Answer: The mole fraction of hydrogen gas at 20°C is 0.975
Explanation:
The information provided includes:
Water vapor pressure at 20°C is 17.5 torr
Total pressure at 20°C = 700.0 torr
Hydrogen gas vapor pressure at 20°C = (700.0 - 17.5) torr = 682.5 torr
To find hydrogen gas's mole fraction at 20°C, we utilize Raoult's law, represented by:
where,
= pressure of hydrogen gas = 682.5 torr
= total pressure = 700.0 torr
= mole fraction of hydrogen gas =?
Substituting the values into the equation yields:
Thus, the mole fraction of hydrogen gas at 20°C equals 0.975
Response:
Here's my calculation
Clarification:
Assume the starting concentrations of H₂ and I₂ are 0.030 and 0.015 mol·L⁻¹, respectively.
We need to determine the initial concentration of HI.
1. We will need a chemical equation with concentrations, so let's compile all the information in one location.
H₂ + I₂ ⇌ 2HI
I/mol·L⁻¹: 0.30 0.15 x
2. Calculate the concentration of HI
![Q_{\text{c}} = \dfrac{\text{[HI]}^{2}} {\text{[H$_{2}$][I$_{2}$]}} =\dfrac{x^{2}}{0.30 \times 0.15} = 5.56\\\\x^{2} = 0.30 \times 0.15 \times 5.56 = 0.250\\x = \sqrt{0.250} = \textbf{0.50 mol/L}\\\text{The initial concentration of HI is $\large \boxed{\textbf{0.50 mol/L}}$}](https://tex.z-dn.net/?f=Q_%7B%5Ctext%7Bc%7D%7D%20%3D%20%5Cdfrac%7B%5Ctext%7B%5BHI%5D%7D%5E%7B2%7D%7D%20%7B%5Ctext%7B%5BH%24_%7B2%7D%24%5D%5BI%24_%7B2%7D%24%5D%7D%7D%20%3D%5Cdfrac%7Bx%5E%7B2%7D%7D%7B0.30%20%5Ctimes%200.15%7D%20%3D%20%205.56%5C%5C%5C%5Cx%5E%7B2%7D%20%3D%200.30%20%5Ctimes%200.15%20%5Ctimes%205.56%20%3D%200.250%5C%5Cx%20%3D%20%5Csqrt%7B0.250%7D%20%3D%20%5Ctextbf%7B0.50%20mol%2FL%7D%5C%5C%5Ctext%7BThe%20initial%20concentration%20of%20HI%20is%20%24%5Clarge%20%5Cboxed%7B%5Ctextbf%7B0.50%20mol%2FL%7D%7D%24%7D)
3. Plot the initial values
The graph below visualizes the initial concentrations as plotted on the vertical axis.
Response:
Indeed
Clarification:
Earthquakes occur due to the movement of tectonic plates, and when there is a downward shift of these plates, it generates a ripple effect similar to what happens when an object is dropped into water.
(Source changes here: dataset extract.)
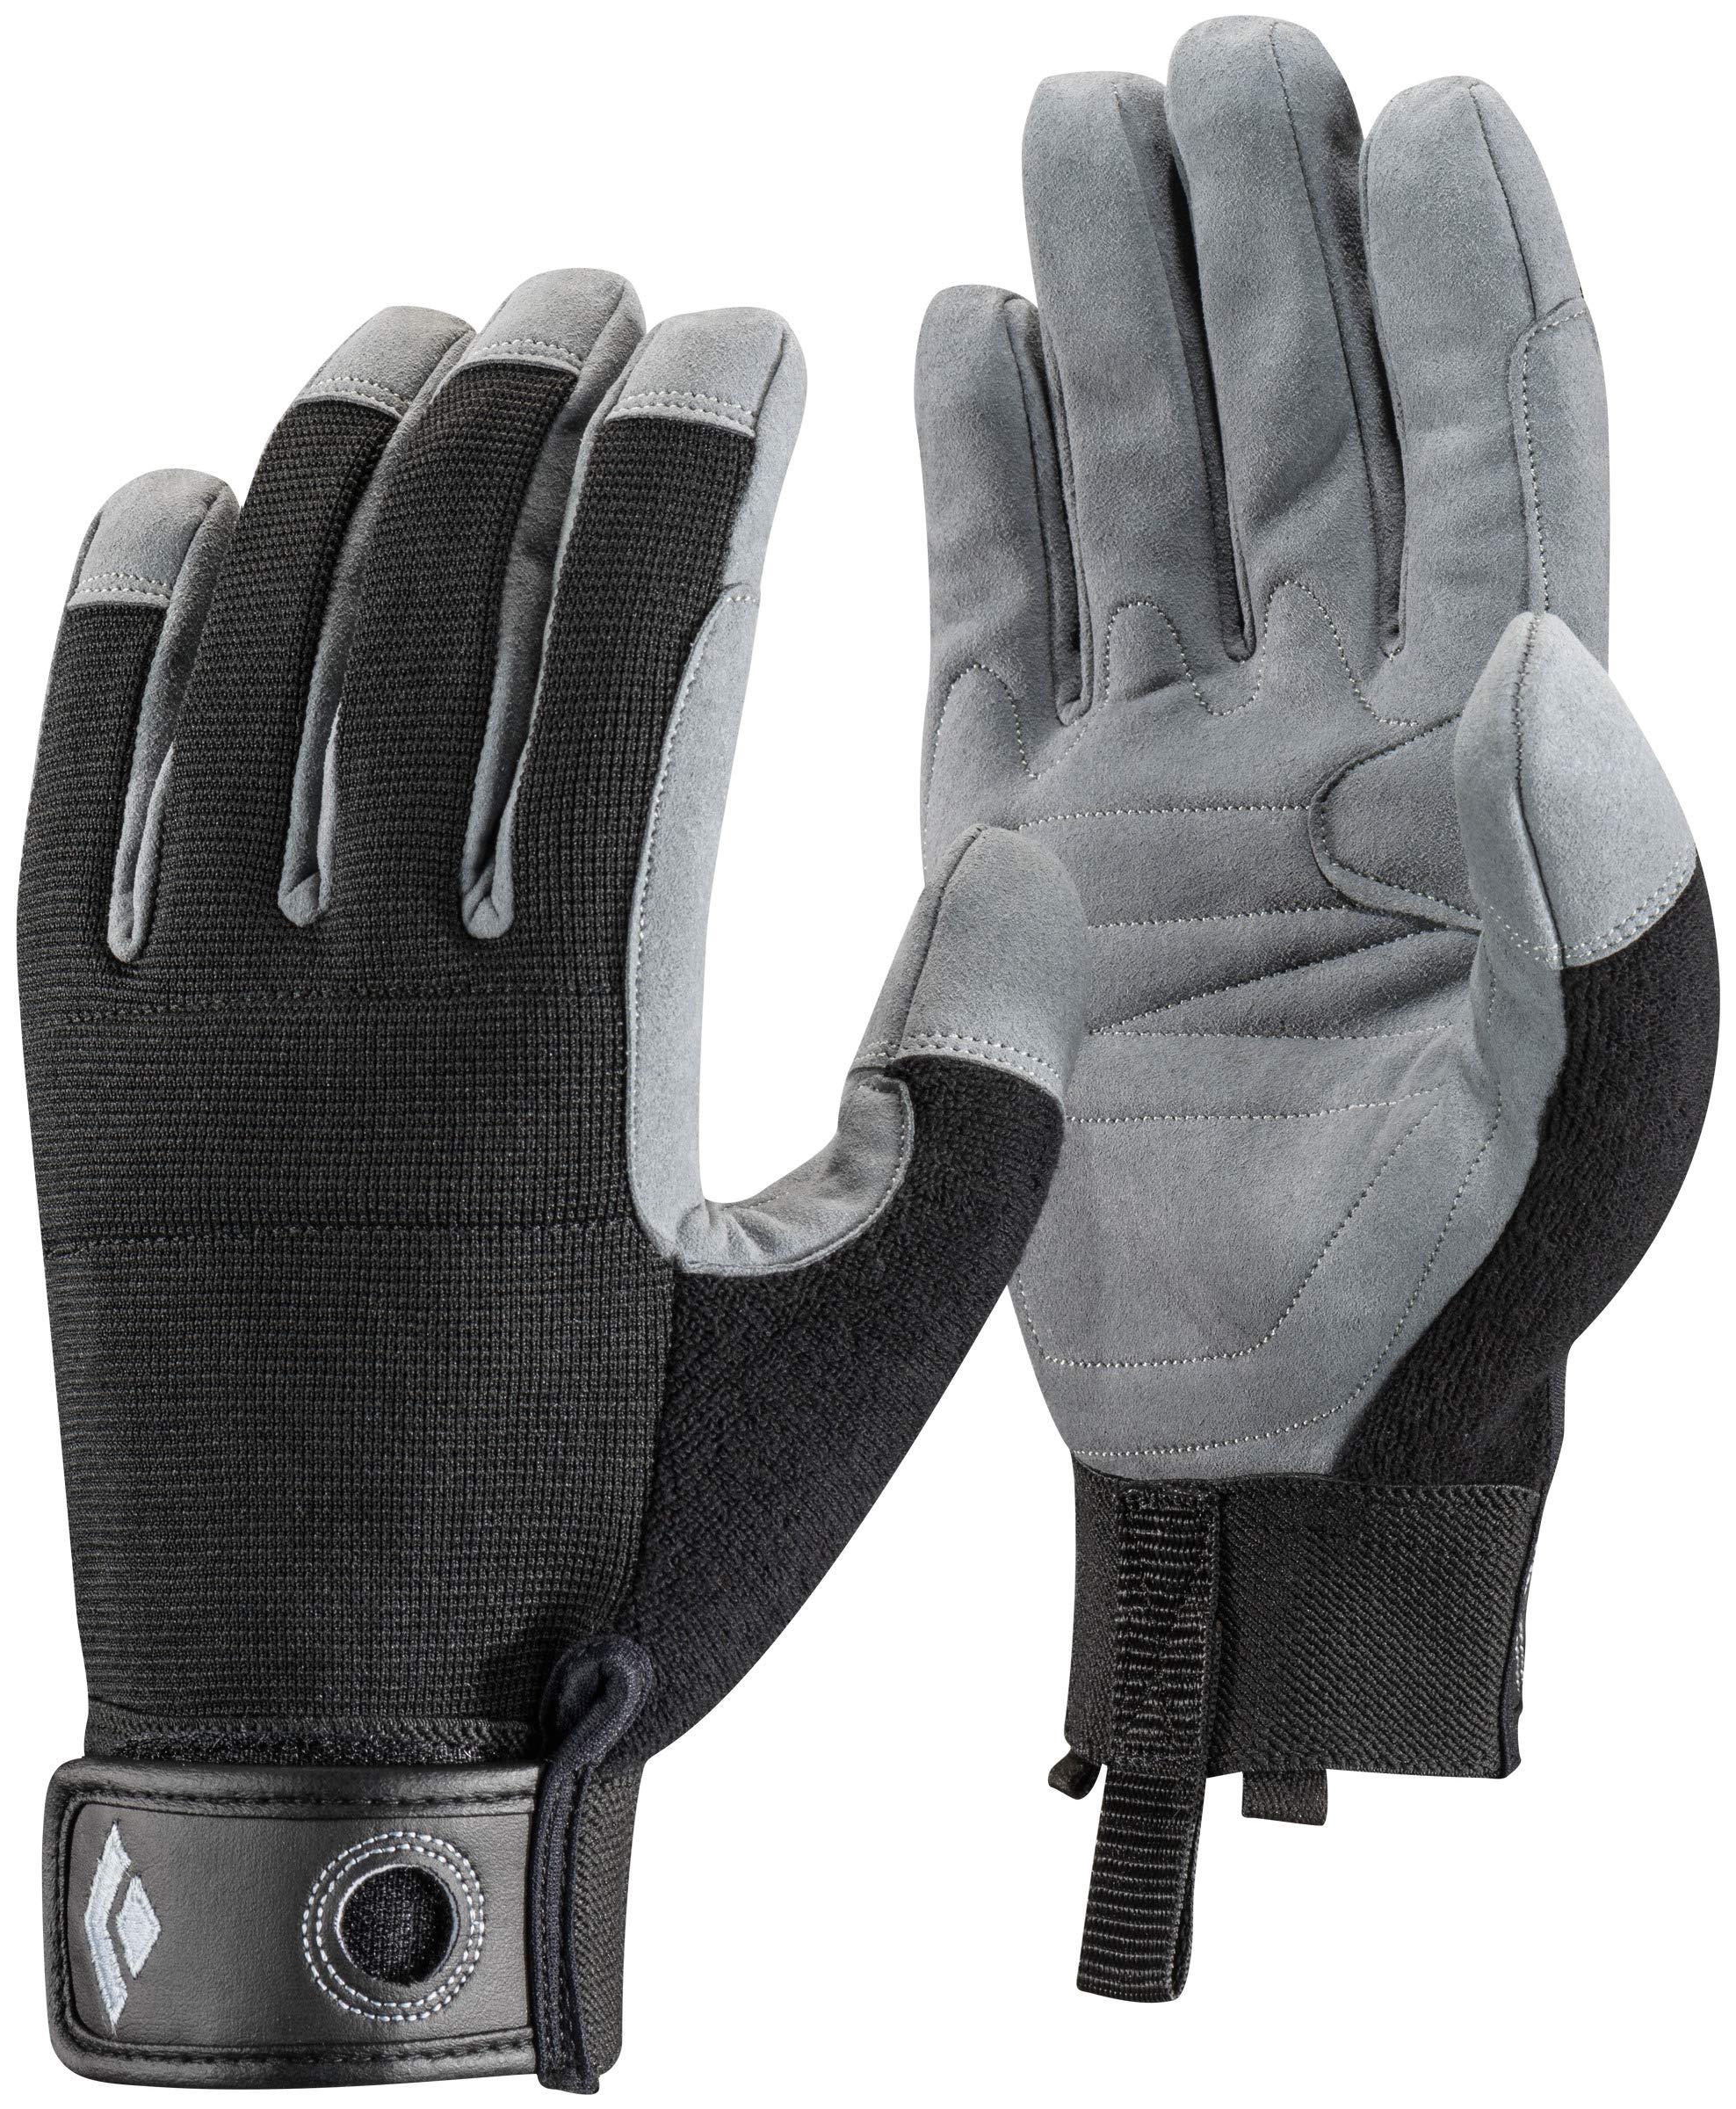 Black Diamond Crag Climbing Gloves, Black, Medium by Black Diamond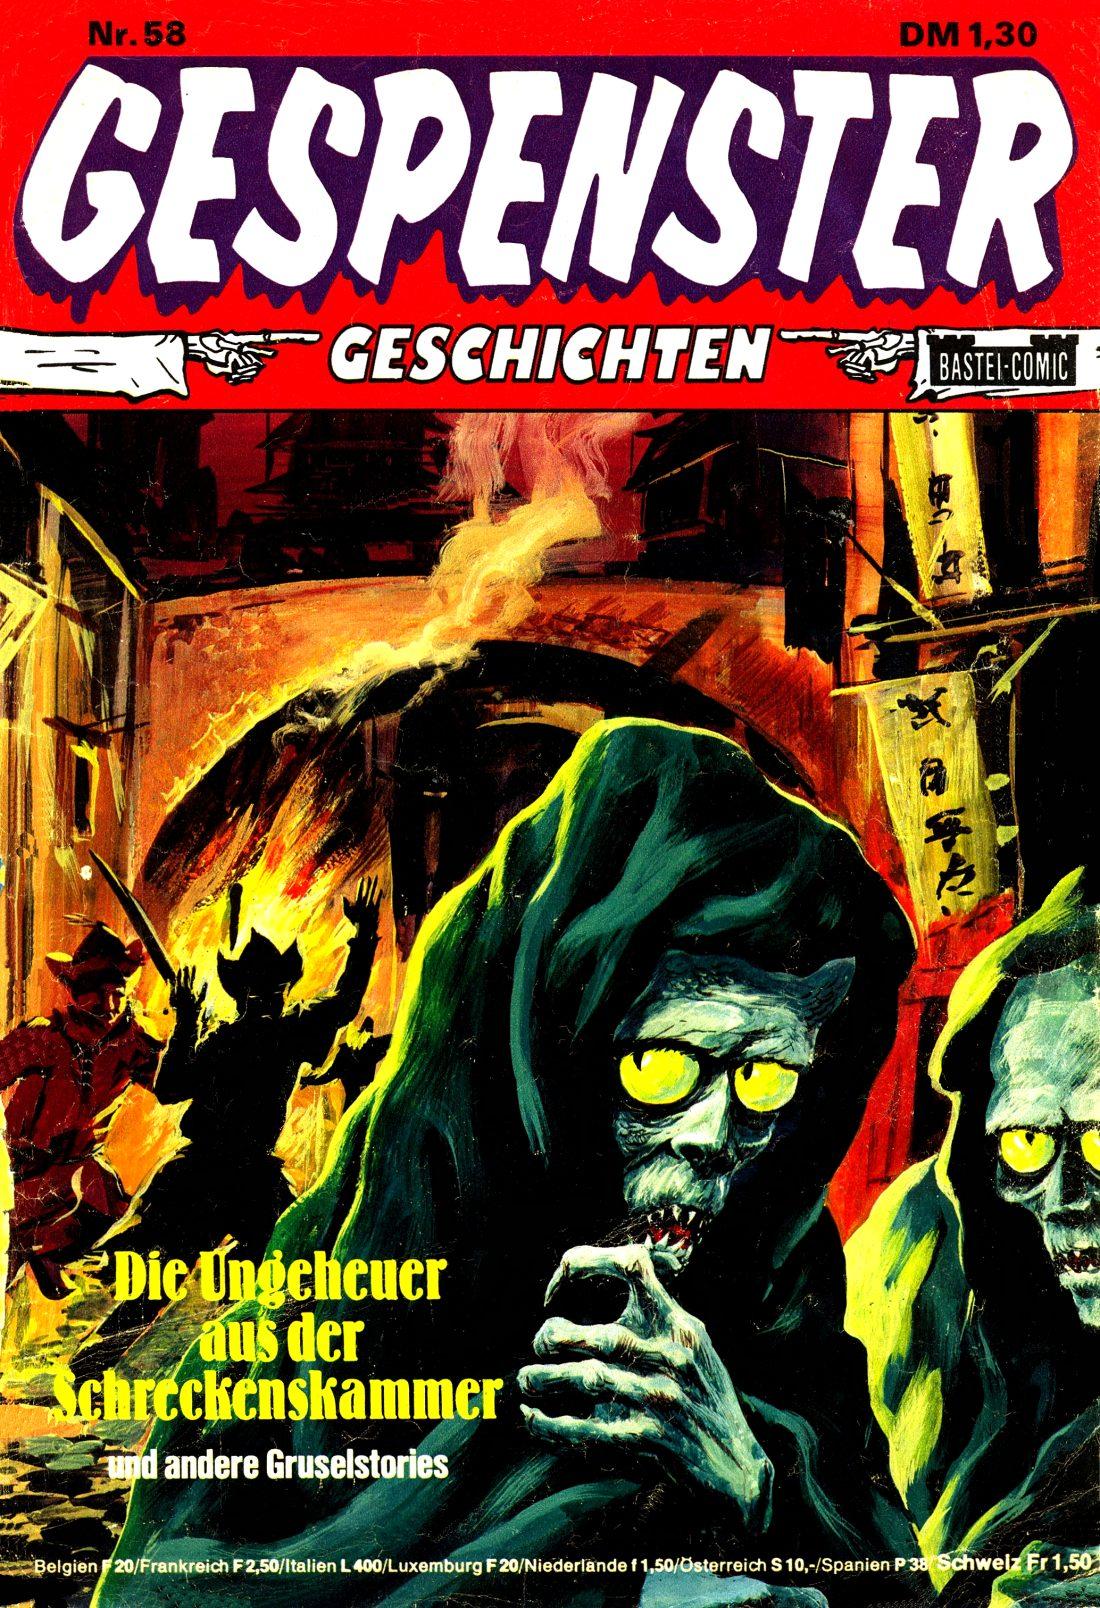 Gespenster Geschichten - 58

As the plates descend, the water in the affected area is pulled downward by gravity, but rather than leveling out, it accelerates and gains velocity, subsequently forming a wave. A tsunami becomes evident when the water retreats as it gathers speed; this backward movement, combined with cohesion, causes the water to flow with the displaced water, intensifying the wave, which culminates in a colossal tidal wave we refer to as a tsunami.
Halogens are characterized as a group of 7 on the periodic table. Each of these elements has 7 valence electrons, needing just one additional electron to fill their outer shell, resulting in their high reactivity. Moreover, the periodic law indicates that when the elements are arranged by increasing atomic number, similar patterns in their properties emerge. Thus, halogens exhibit comparable behaviors during chemical reactions with one another, which is indeed accurate.